How do you use substitution to integrate #(2x+7)/(x^2+5x+6) dx#?

1 Answer
Jun 16, 2015

The answer can be written as #int (2x+7)/(x^2+5x+6)\ dx=ln|((x+2)^3)/(x+3)|+C#

Explanation:

You don't need substitution to do this integral. Use the Method of Partial Fractions instead.

Set # (2x+7)/(x^2+5x+6)=A/(x+2)+B/(x+3)# and solve for #A# and #B# (note that #x^2+5x+6=(x+2)(x+3)#).

Multiply both sides of the preceding equation by #(x+2)(x+3)# to get, after cancellation, #2x+7=A(x+3)+B(x+2)#. The quickest way to solve for #A# and #B# is to substitute #x=-3# and #x=-2# into this last equation (even though they make the original equation undefined).

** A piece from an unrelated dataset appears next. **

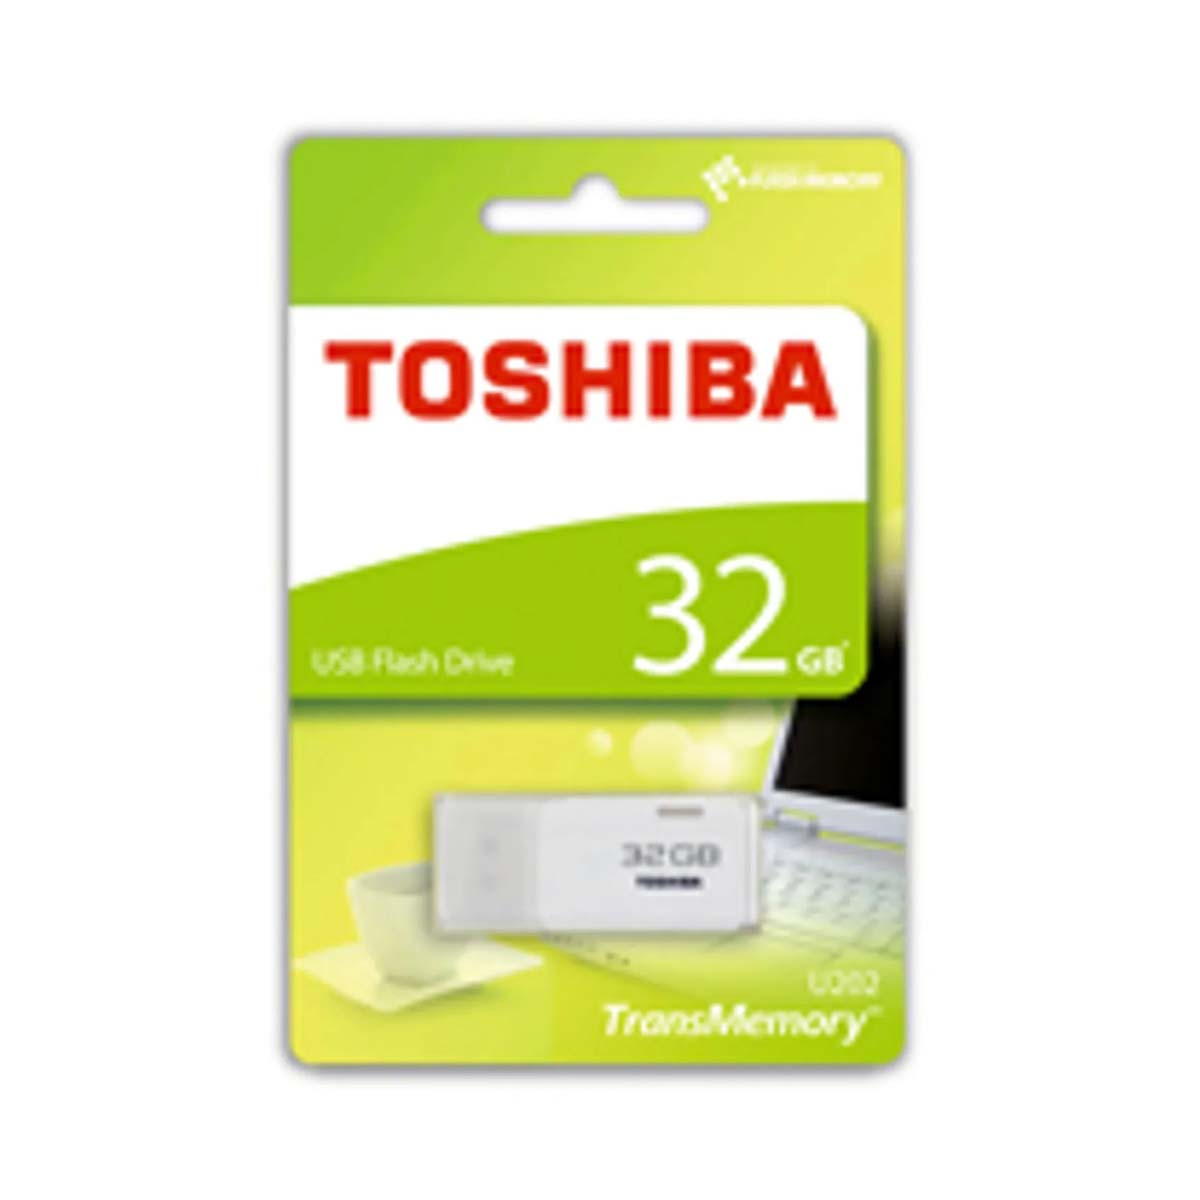 TOSHIBA 32833, Memory Stick 32 USB Stick, GB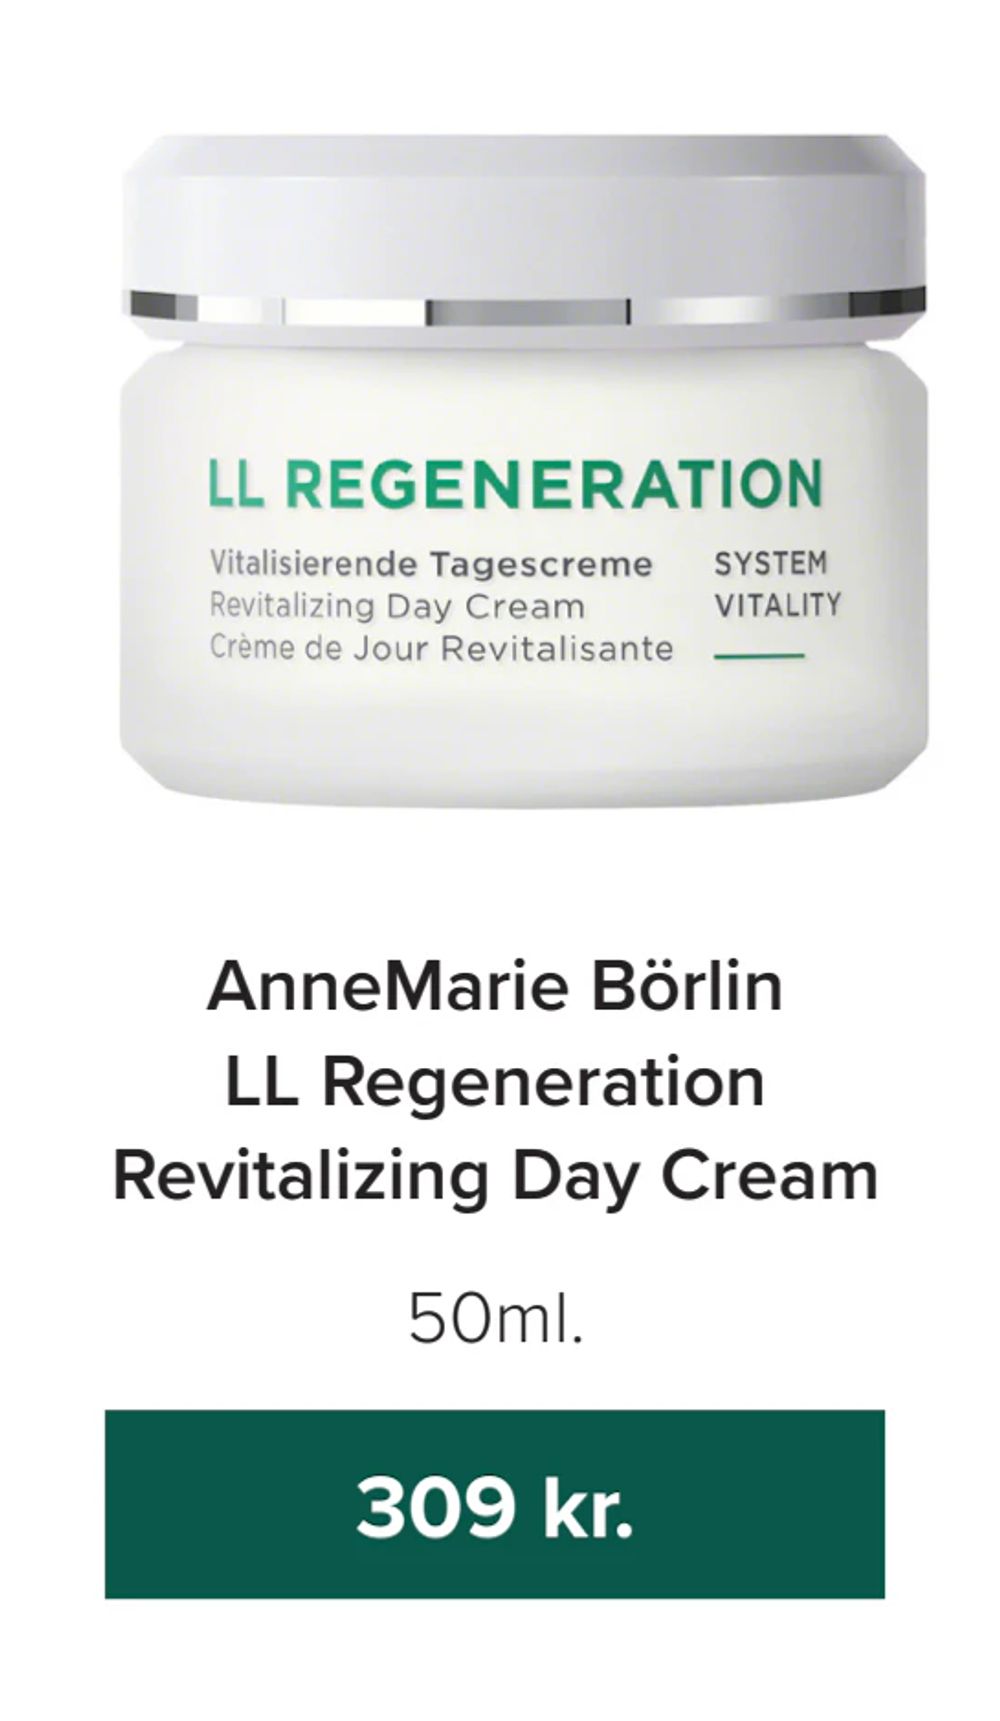 Tilbud på AnneMarie Börlin LL Regeneration Revitalizing Day Cream fra Helsemin til 309 kr.

#x=-3\Rightarrow 1=-B\Rightarrow B=-1#

#x=-2\Rightarrow 3=A#

Hence, # (2x+7)/(x^2+5x+6)=3/(x+2)-1/(x+3)#

Now substitute, integrate, and use properties of logarithms:

#int (2x+7)/(x^2+5x+6)\ dx=int (3/(x+2)-1/(x+3))\ dx#

#=3ln|x+2|-ln|x+3|+C=ln|((x+2)^3)/(x+3)|+C#